Die Berufsausübungsfreiheit der Ärzte und die allgemeine Handlungsfreiheit in der Ausprägung der Privatautonomie muss hinter den Rechten der Beschwerdeführerin gem. Art. 3 Abs. 3 S. 2 GG zurücktreten, da die Beschwerdeführerin nicht in ihrem Recht auf Schutz vor Benachteiligung aufgrund ihrer Behinderung eingeschränkt werden darf. Die wirtschaftlichen Interessen der Ärzte wiegen die Nachteile für die Beschwerdeführerin nicht auf, da sie sonst kein selbstständiges und selbstbestimmtes Leben führen könnte, wie es ihr durch die Mitnahme einer Blindenhündin ermöglicht wird.

Bewertung

Die Untersagung der Ärzte einer Gemeinschaftspraxis gegenüber einer blinden Person, einen Blindenführhund bei einer Durchquerung der Praxis mitzuführen, die für sie notwendig war, stellt eine Gerichtsentscheidung, die die Untersagung bestätigt, einen Verstoß gegen das Recht der blinden Person aus Art. 3 Abs. 3 S. 2 GG dar. Die einschlägigen Vorschriften des AGG wurden bei der Auslegung durch das Gericht missachtet.
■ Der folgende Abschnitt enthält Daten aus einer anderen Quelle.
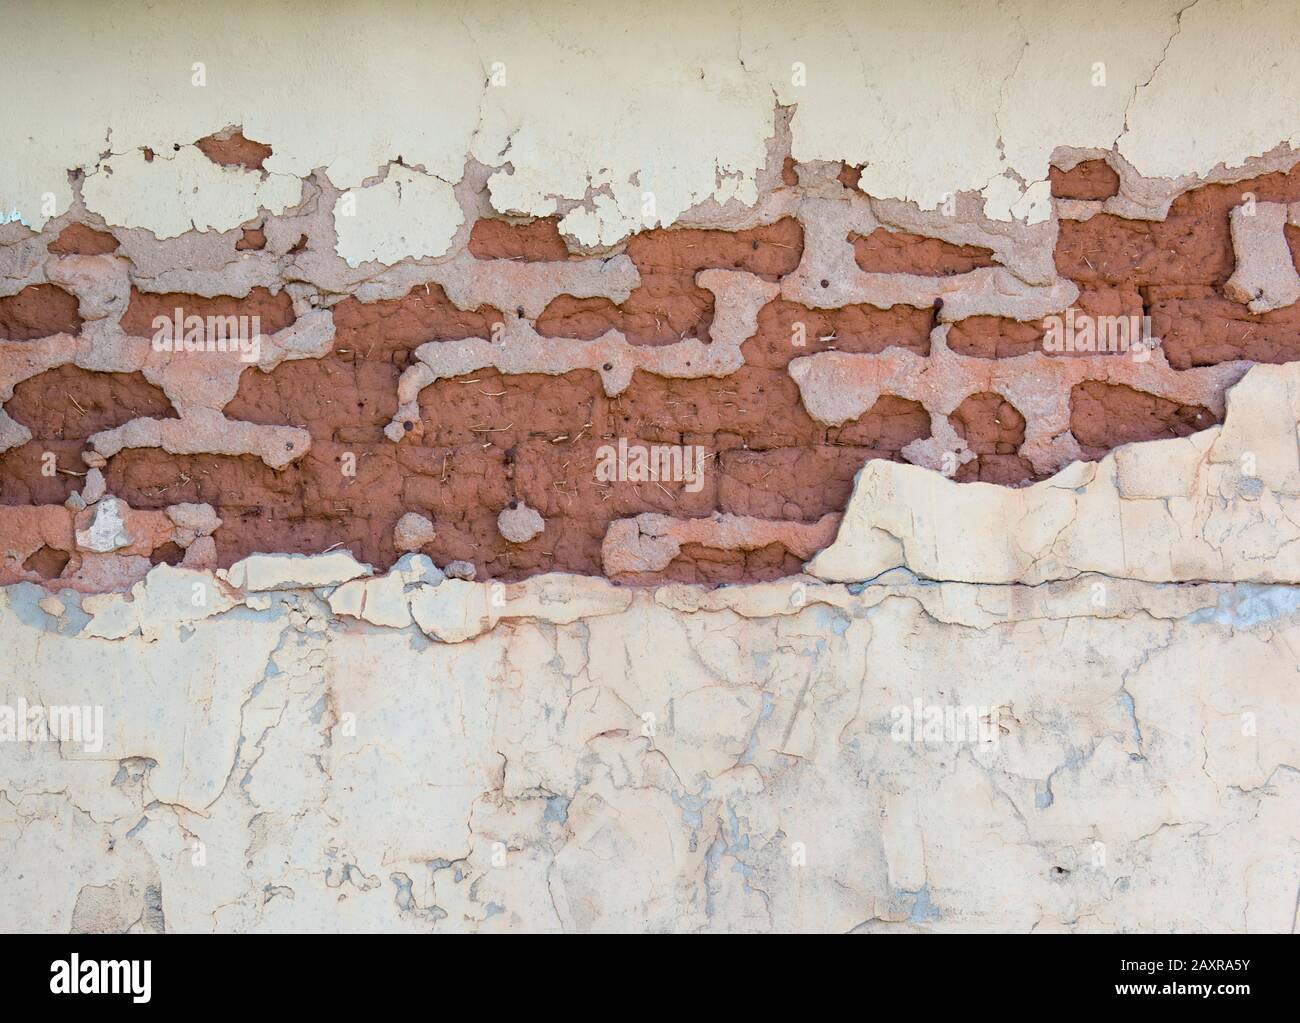 Peeling, chipped paint on an adobe building Stock Photo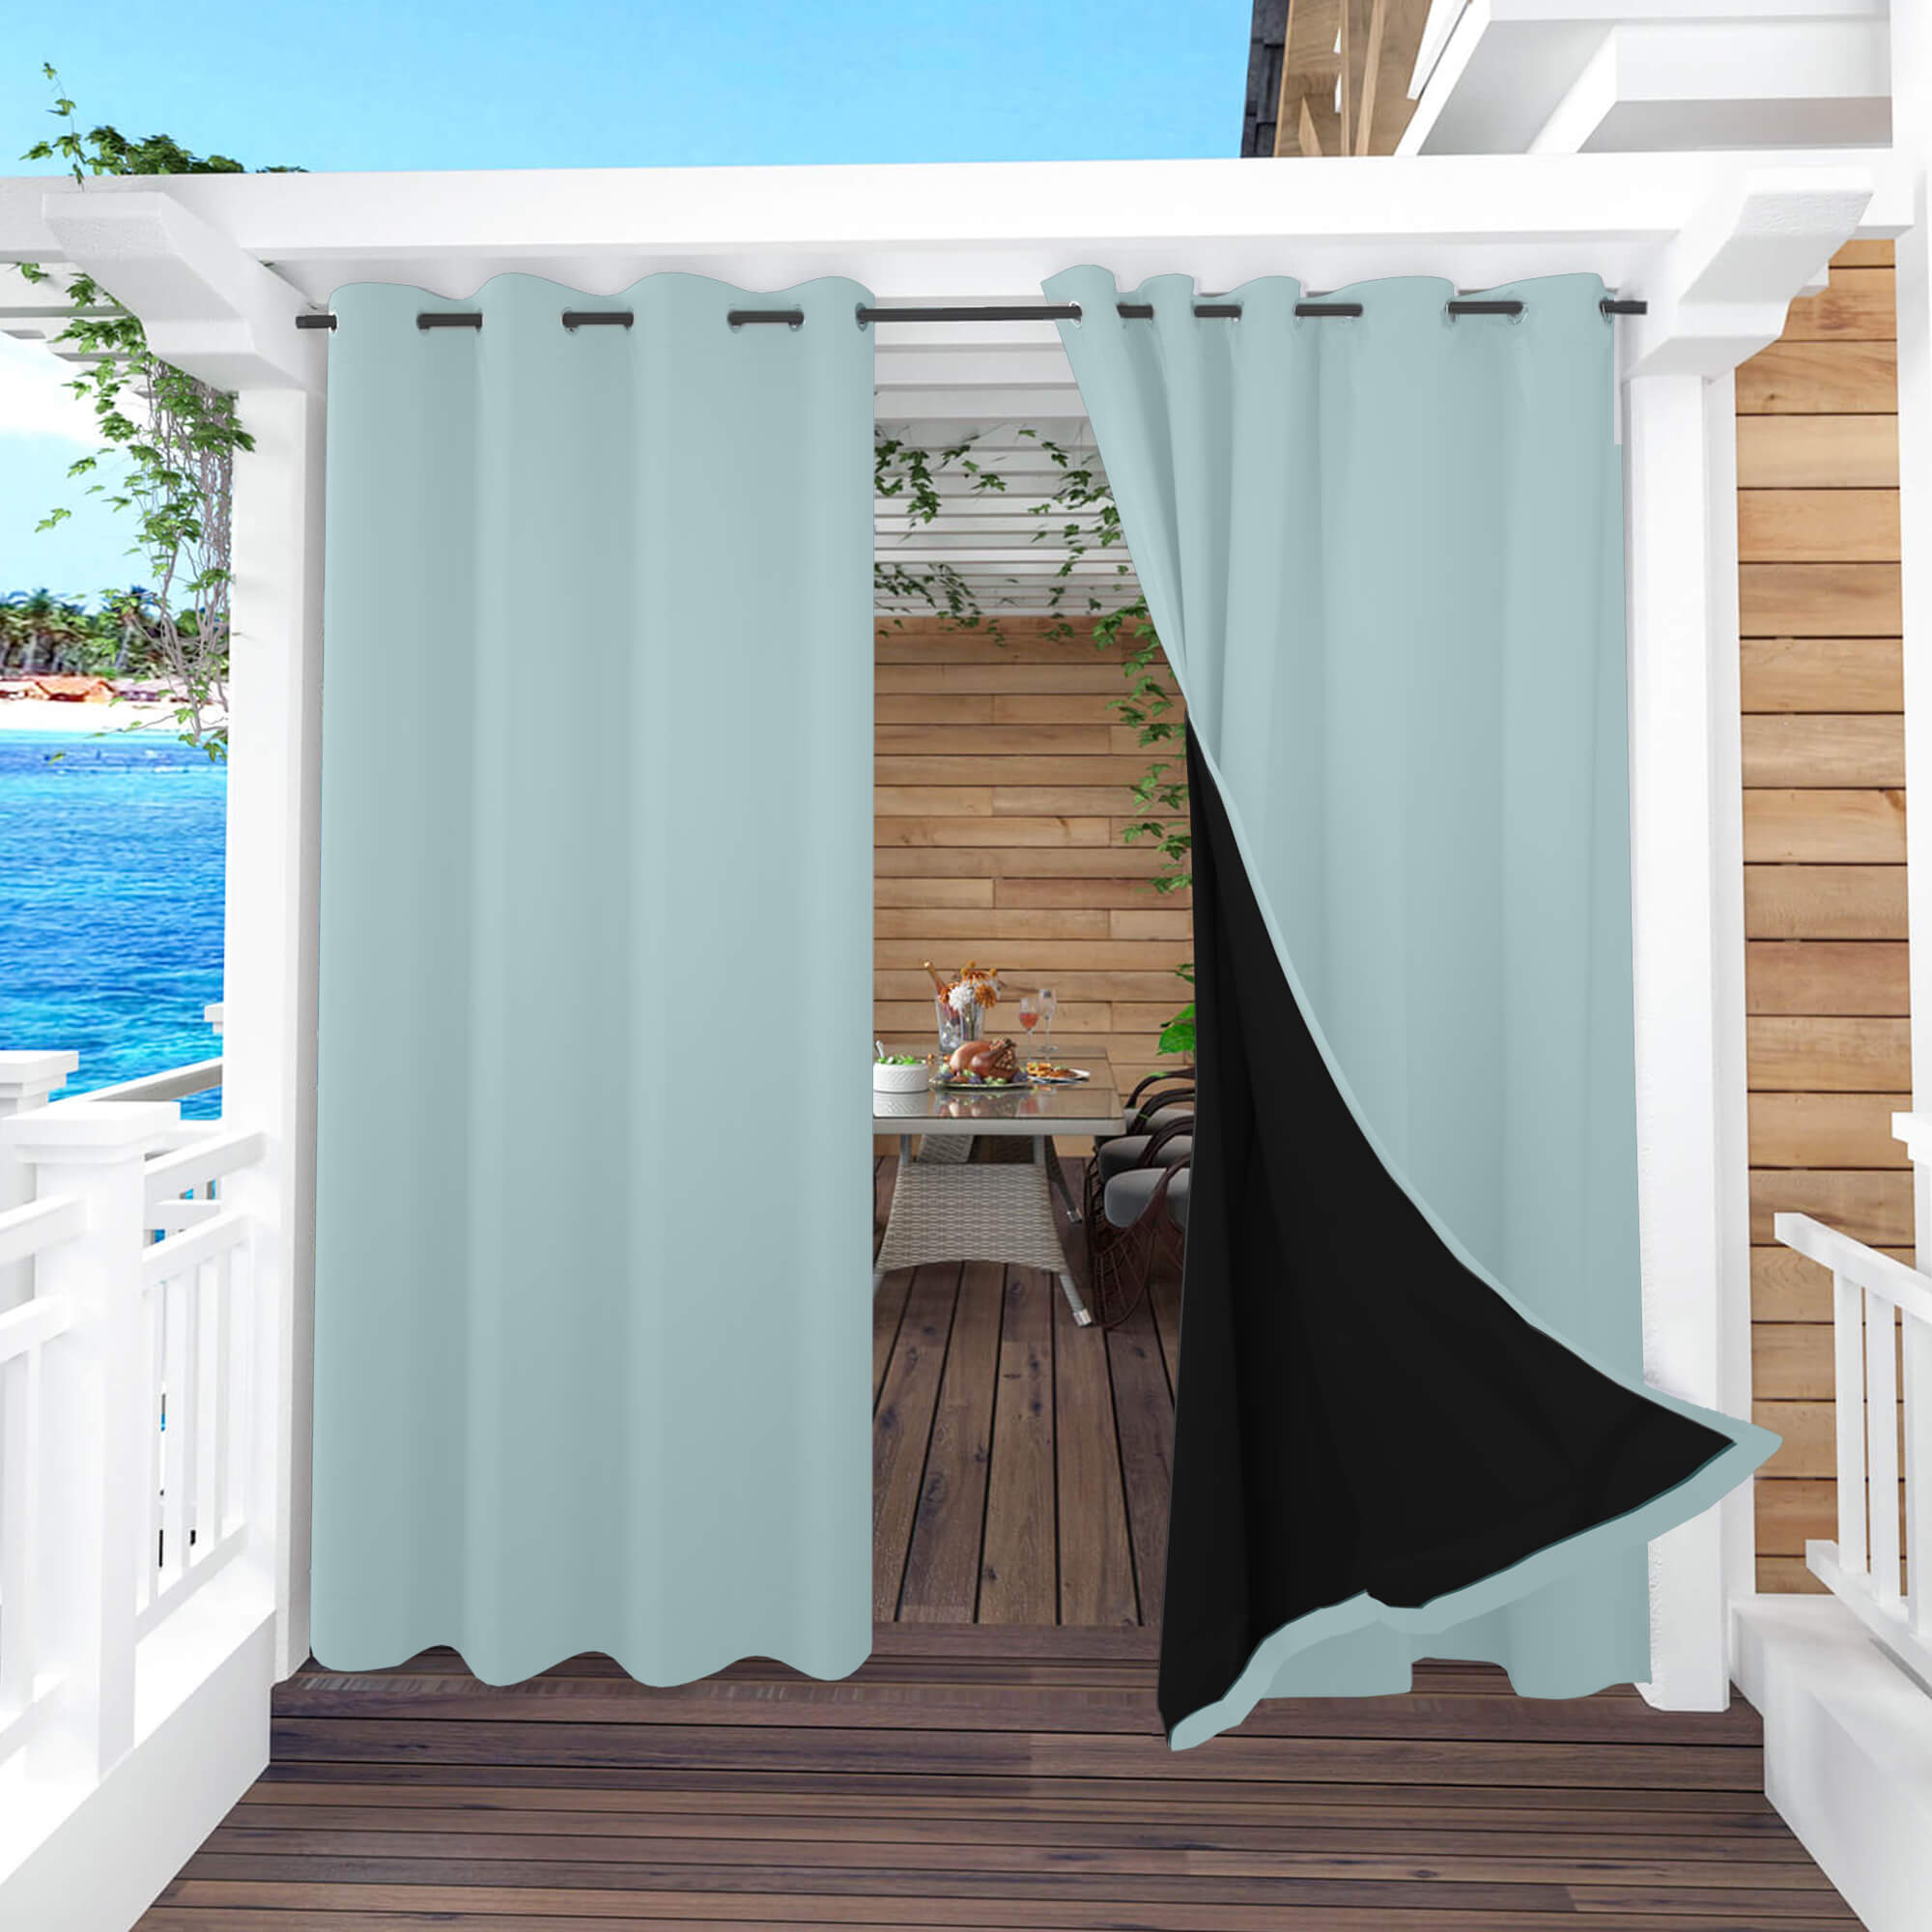 Snowcity Thermal Curtains/Drapes 1 Panel Pale Blue | Waterproof Curtains Grommet/Tab Top | Custom Blackout Curtains

Insbesondere der Umfang des besonderen Gleichheitsrechts und die Auswirkungen, die es auf das bürgerliche Recht hat, fanden keine ausreichende Berücksichtigung.

Das Verbot, Hunde in die Praxis mitzubringen, scheint zunächst neutral formuliert. Darin steckt allerdings eine zumindest mittelbare Benachteiligung der blinden Person.